The Role of the Non-Executive Director

The role of the Non-Executive Director is in part defined by a number of common law and statutory regulations and it is vital that both the company and the Director are fully aware of all the legal requirements of the role before the Director is appointed.

In reality the role of the Non-Executive Director is more extensive than its legal obligations and Directors can perform varied and vital roles for a variety of companies and organisations.

The statutory duties required of Non Executive Directors can be summarised as:

  • A duty to act in good faith.
  • A duty to act with care and diligence.
  • A duty not to misuse information or to gain improper advantage by abuse of the position.
  • A duty to avoid conflict of interest in the position.
  • A duty not to trade whilst insolvent.

The relationship between the Director and the company is defined as a fiduciary duty – the ‘duty to act with fidelity and trust to another’ – and as such the Director is obliged to act for the best interests of the company. In 2019, the role of a company is being reconsidered, with the role of companies increasingly viewed as having a responsibility or ‘licence to operate’ than ever before.

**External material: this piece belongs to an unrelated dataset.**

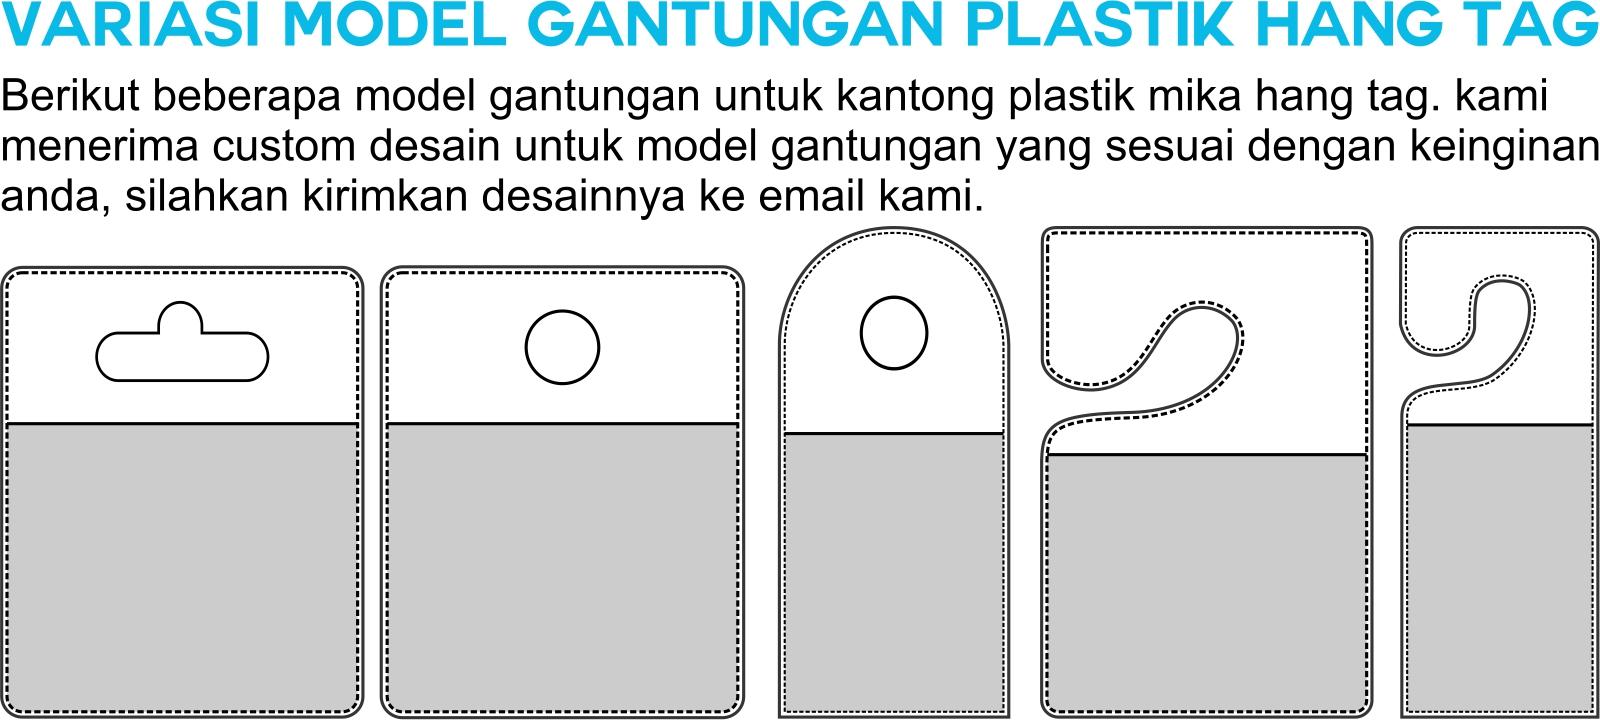 Kantong Plastik Mika PVC Hang Tag
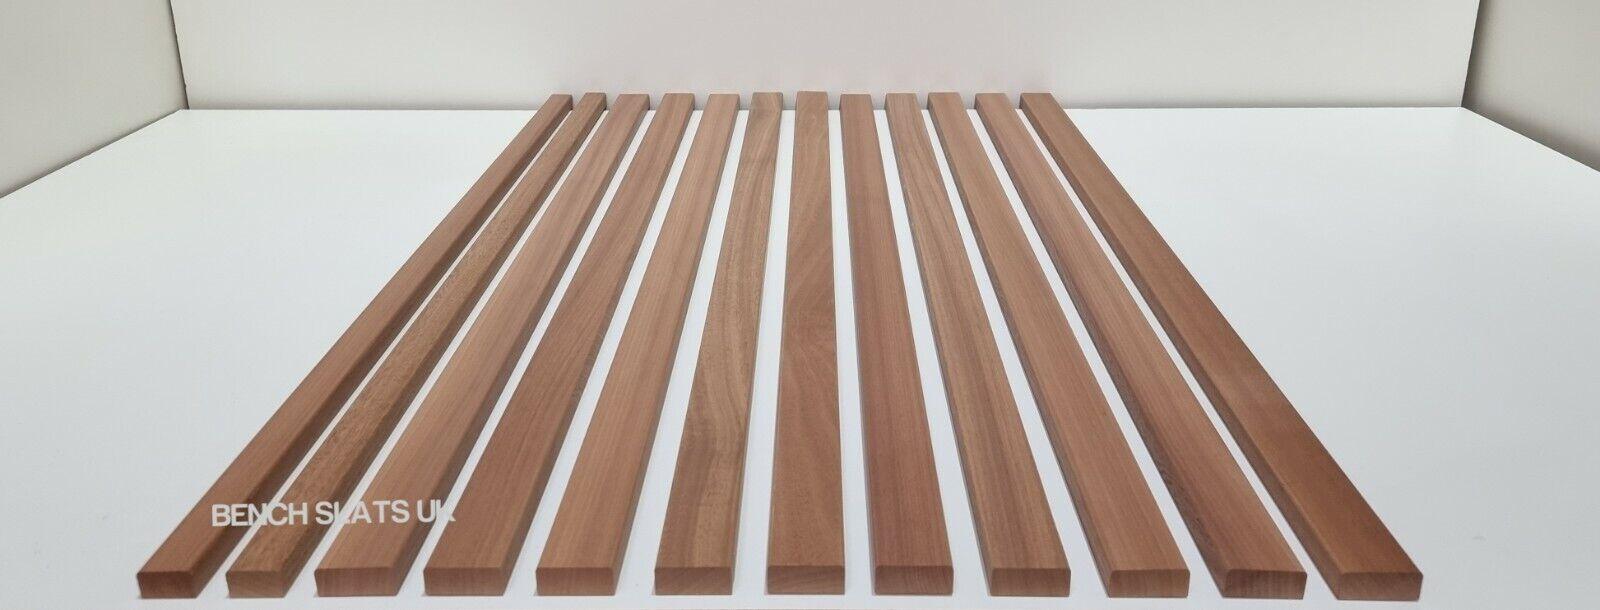 12 Solid Sapele Hardwood Garden Bench Slats Combinations 1220mm (4ft) 2 Seater

However, the role of the Non-Executive Director goes beyond the duties specified in law. Whilst individual Director requirements can vary from company to company, Director responsibilities will almost always include being involved in all of the board activities, including strategic planning, management evaluation and succession planning, the audit process and compliance issues. Broadly the role of the non-executive should be based around the following functions:

  • Effective Corporate Governance. The Director should act as an effective check on management decisions and should evaluate management performance. The Director should also ensure that regulatory standards are met and ensure that adequate control systems are in place. Directors must consider external stakeholders and ensure that adequate disclosures are made to shareholders and others.
  • Improving Company Performance. Directors should provide fresh ideas and information to management whilst providing an objective evaluation of company plans and performance. They should help management to identify opportunities, develop strategy and anticipate problems. Ensuring the company is operating in a sustainable way and with a longer-term outlook is a core part of a Director’s duty.
  • Protection of Shareholder Funds. Directors need to ensure shareholder funds by careful evaluation of decisions and risk, ensuring that decisions promote the wealth of the company and do not deplete assets and ensuring that disclosures to shareholders are accurate and timely.


Individual board charters should include an explicit set of statements outlining the board’s expectations of:

  • The time that Directors are expected to commit to the position.
  • The extent of their authority to make decisions on the board’s behalf.
  • Any special requirements for Directors that are representatives of a particular group.

Legal and other obligations should also be explicitly outlined.